Perverse, right? Stupid, too: and not just because everybody knows a watched kettle never boils. But I suppose with a name like ‘The Id’ they had a lot to live up to — which they do after two simmering instrumental breakdowns. Cole has been straining at his 6‑string leash for too many of the above verses, content for the moment with deftly and quickly picked riffs that cross-stitched each and every time the rest of the band cut out to leave the vocalist to continue his coercive lyrical demands. But his patience finally breaks with the final vocal line of “Hiss…hiss…hiss…” signaling time to rip open a bombastic run up and down the neck at top speed with his fuzzbox and amp distortion set JUST below the level that would make it bleed otherwise into an incomprehensible, black magic marker thundercloud of noise (Which is what it threatens to dissolve into, anyway.) Tearin’ it all up in an amazingly propulsive frenzy all jagged and rambunctious as a single tambourine whacks out simplistically over it all, Jerry Cole carries on at top speed and volume with Yardbirdsian runs up and down the neck, while still finding the time and space to throw in some Middle Eastern-tinged progressions.
By comparison, the A‑side “Short Circuit” ain’t half as crazed, but then again: neither was anything else in the entire Id canon. But it does scores high marks for maintaining that singular drive fuelled only by the innate frustration of unrequited love that is the undying hallmark of garage punk. A jangle guitar and sparse drum pattern like “Ticket To Ride” played at the wrong speed sets the scene for unfurling, double tracked guitar parts — one a volume controlled sensor and the other a fluid and quickly resolved Rickenbacker guitar melody that hints at both The Knickerbockers and “Surrealistic Pillow” in equal parts and at breakneck tempo.
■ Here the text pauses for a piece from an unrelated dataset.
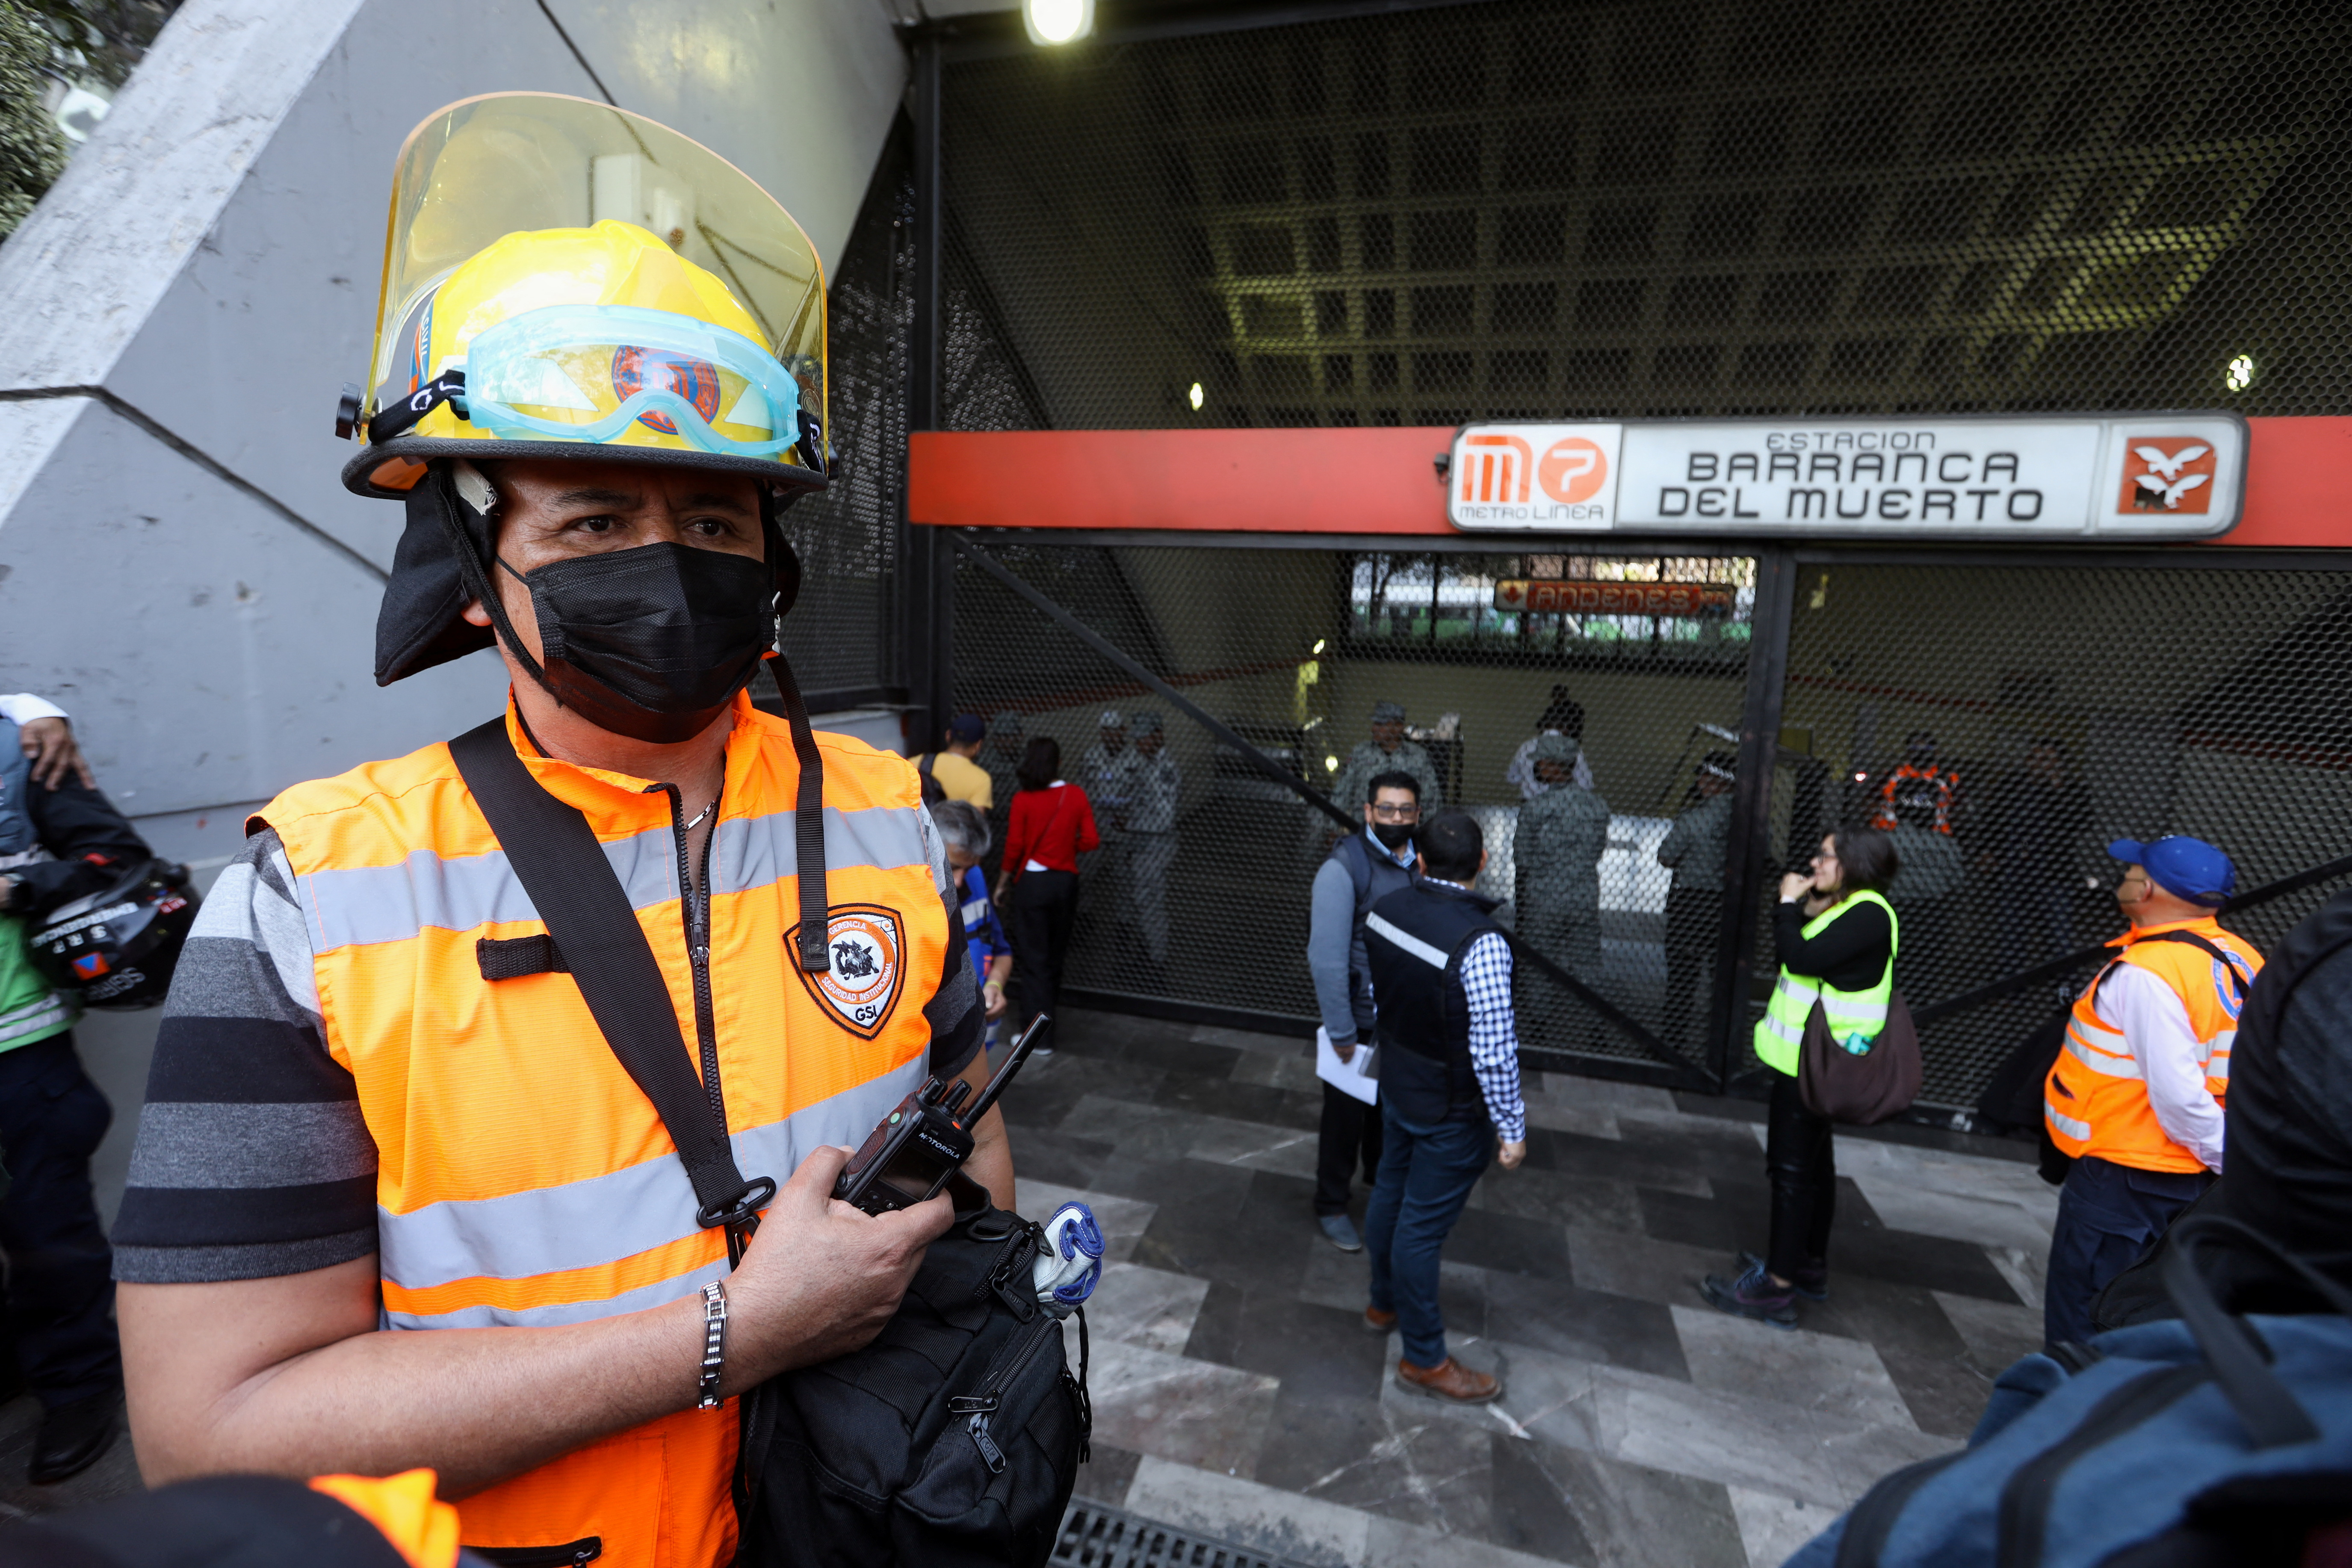 Firefighters and rescue personnel attend an emergency following a fire caused by a short circuit at the Barranca del Muerto metro station, in Mexico City, Mexico January 23, 2023. REUTERS/Luis Cortes
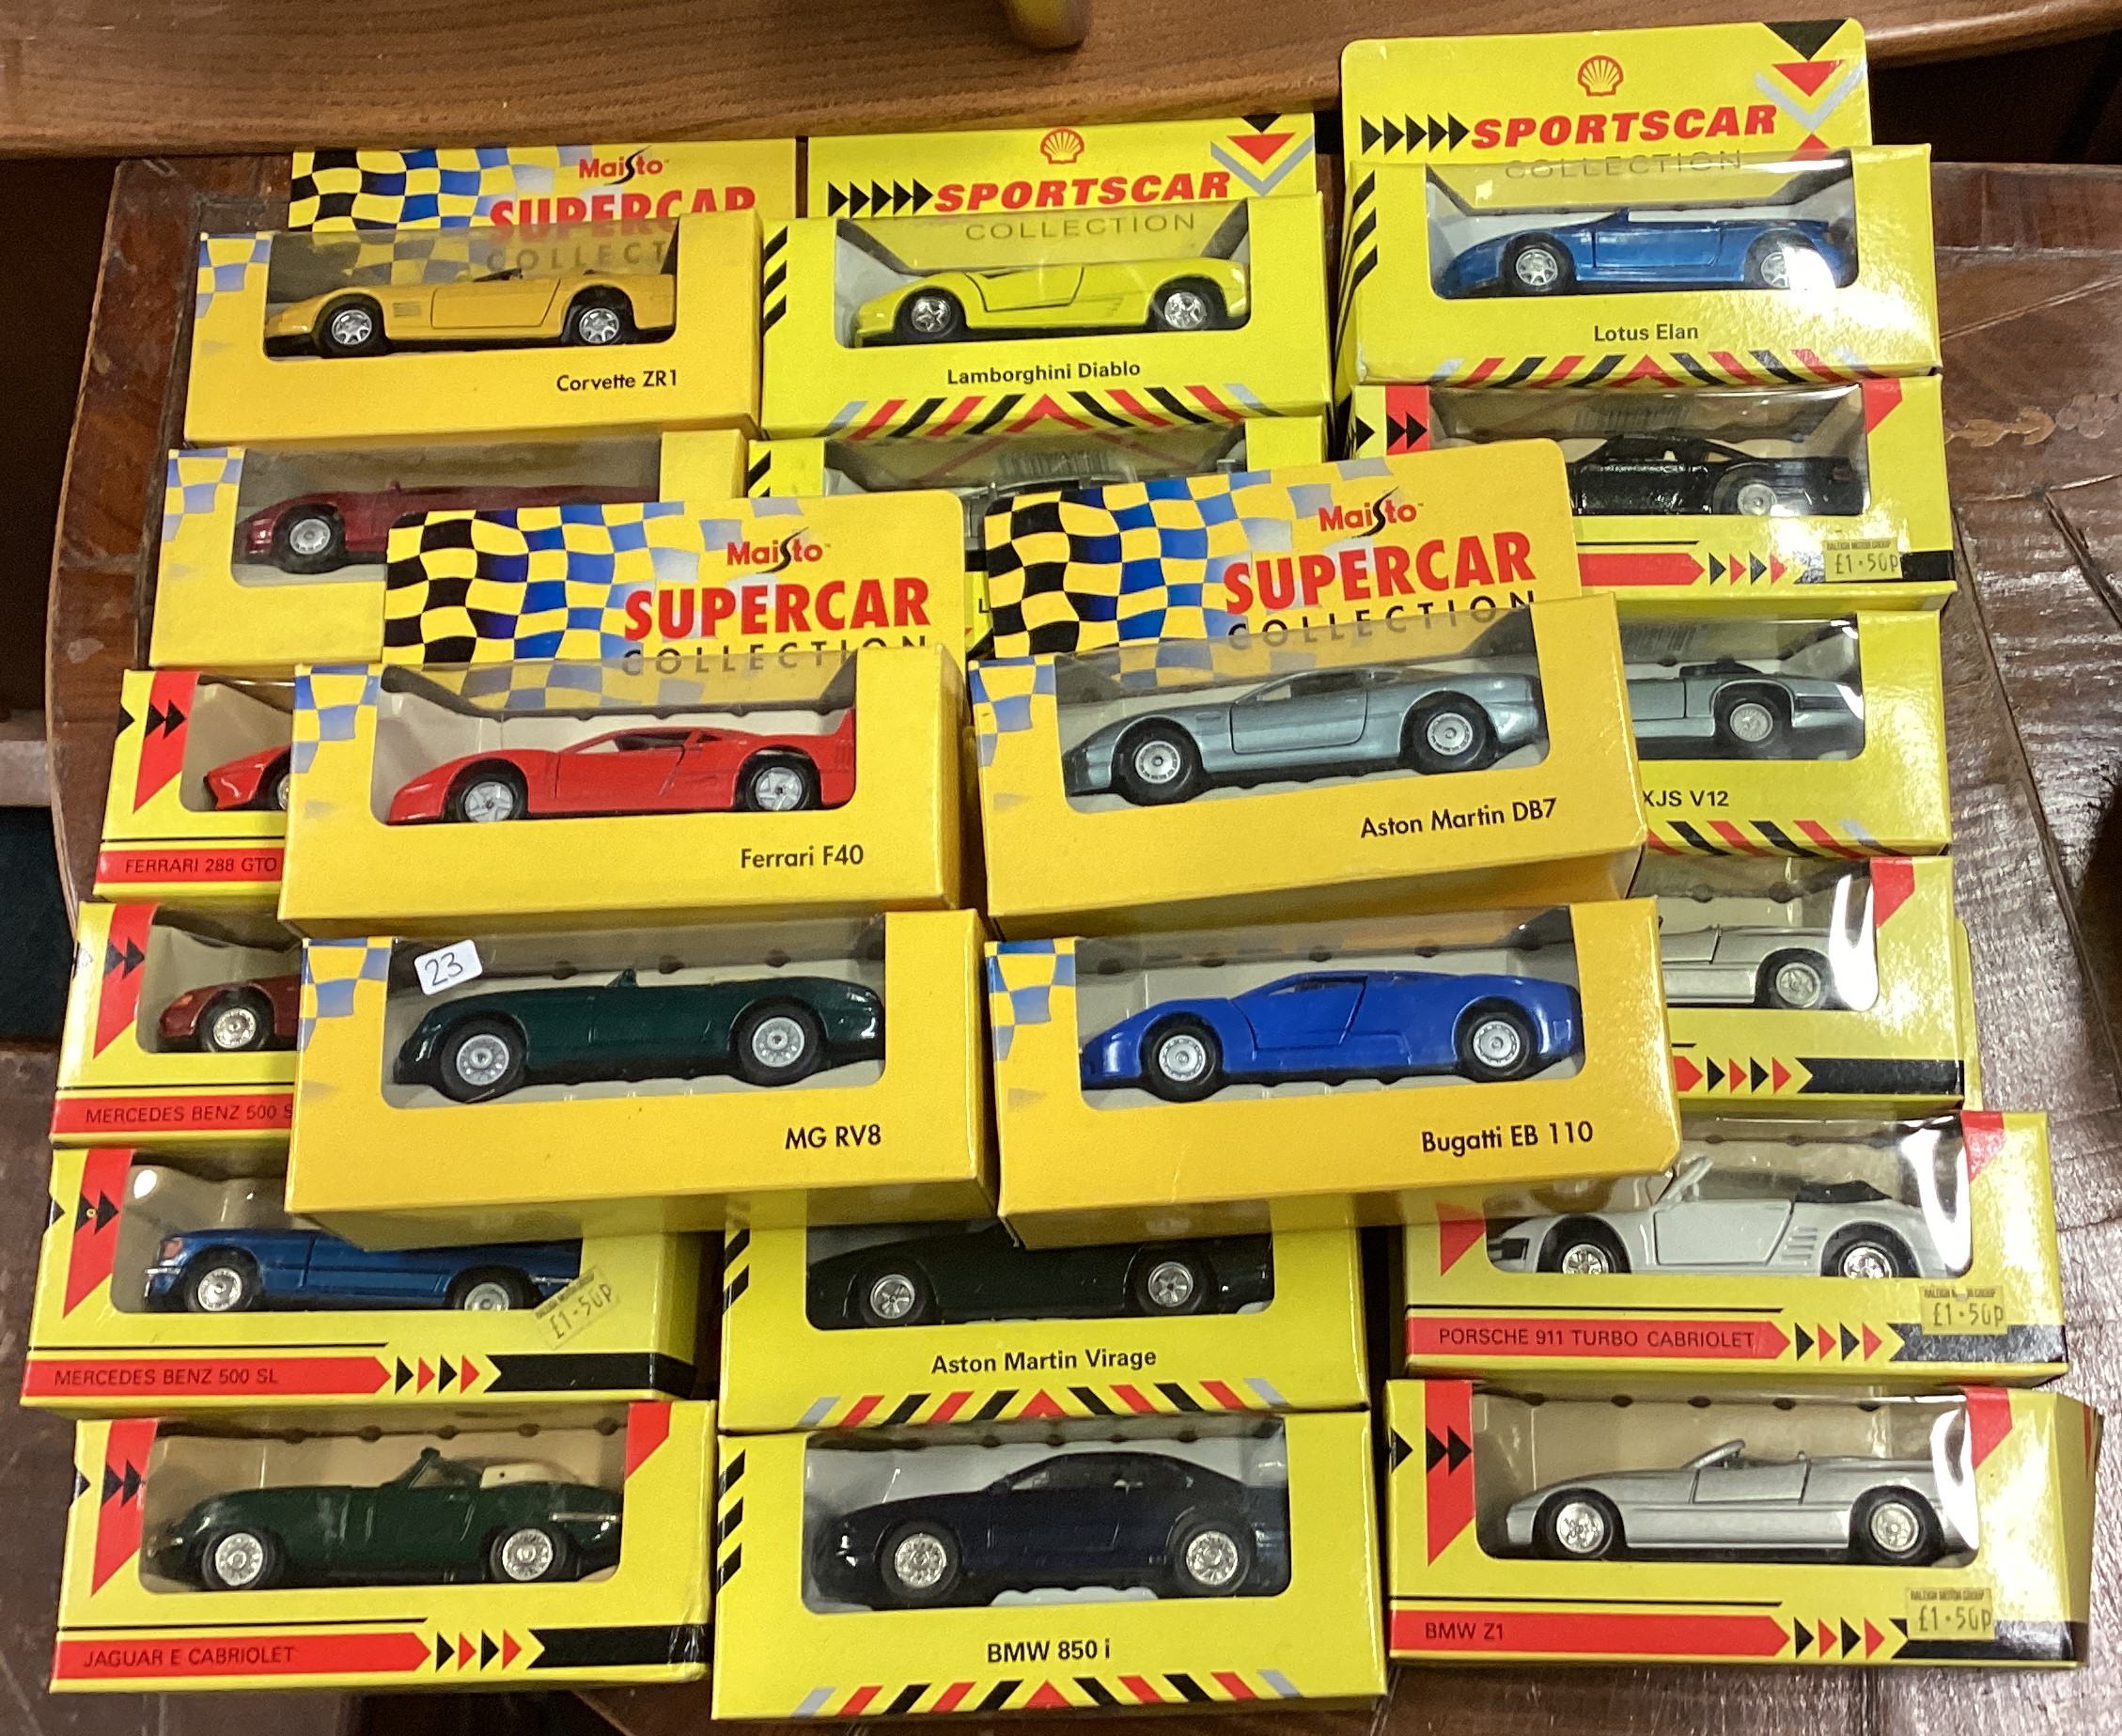 A large collection of toy cars.

It has the same rising lust factor of barely/almost suppressed premature ejaculation that The Electric Prunes perfected on “I Had Too Much To Dream (Last Night)” and here a sharp, slashing rhythm guitar sets up an arrangement of unpredictable stops and starts to a jerking, off-beat reinforced by the sort of tight, prominent bass and confident drumming one would expect from studio musicians.
Despite the fact it’s teenage as hell.